More on one of the British's favorite meals - Fish and Chips.
Prep Time: 10 minutes
Cook Time: 20 minutes
Total Time: 30 minutes
Yield: Serves 4
- 1 1⁄2 cups all-purpose flour
- 2 tablespoons Peanut oil, plus more for deep-frying
- About 1 cup good beer – anything will do, including stout, but preferably not cheap lager
- 2 pounds Mixed fish fillets of your choice (cod, salmon, wahoo, haddock, etc.) - skin removed, if any
- Salt and freshly ground black pepper
Heat a good amount of peanut oil (about 2-inches deep) in a large, deep, heavy-bottomed pan until it reaches 320°F (160°C).

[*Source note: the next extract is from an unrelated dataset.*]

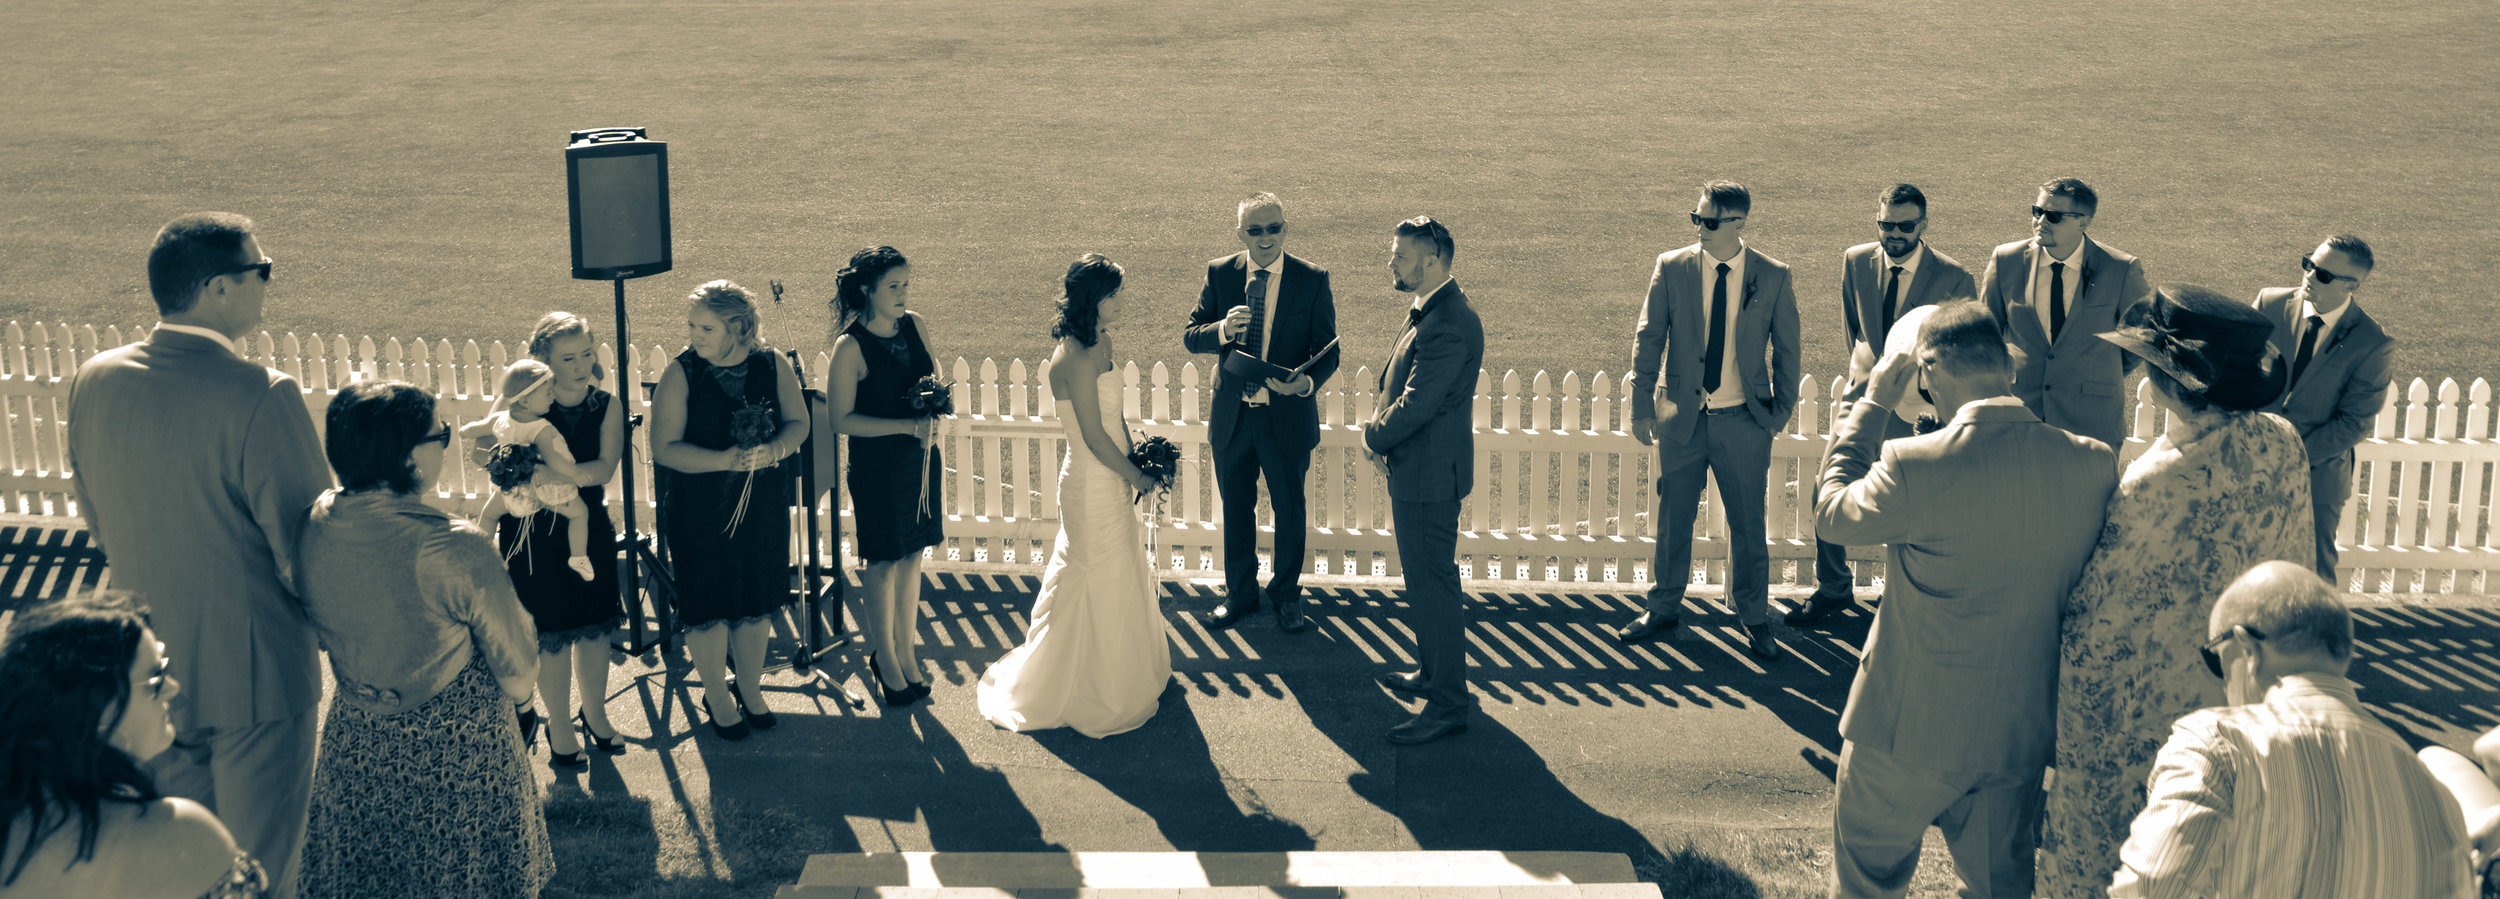 wedding sandh-61.jpg

Dip your chosen piece of fish into the batter so it is thoroughly immersed, then lift it out and hold it over the bowl for a few seconds so any excess batter drops back in. Now lower the battered fish into the hot oil. Do this one piece at a time, if using large portions, or in small batches for smaller pieces, so as not to crowd the pan.
Fry large pieces of fish for 4 to 5 minutes, and smaller items, for 2 minutes or so, until golden brown and crisp. Scoop them out with a wire skimmer, and transfer to a warm dish lined with paper towels. Keep them warm while you fry the remaining fish, then serve right away, with ketchup or perhaps some tartar sauce.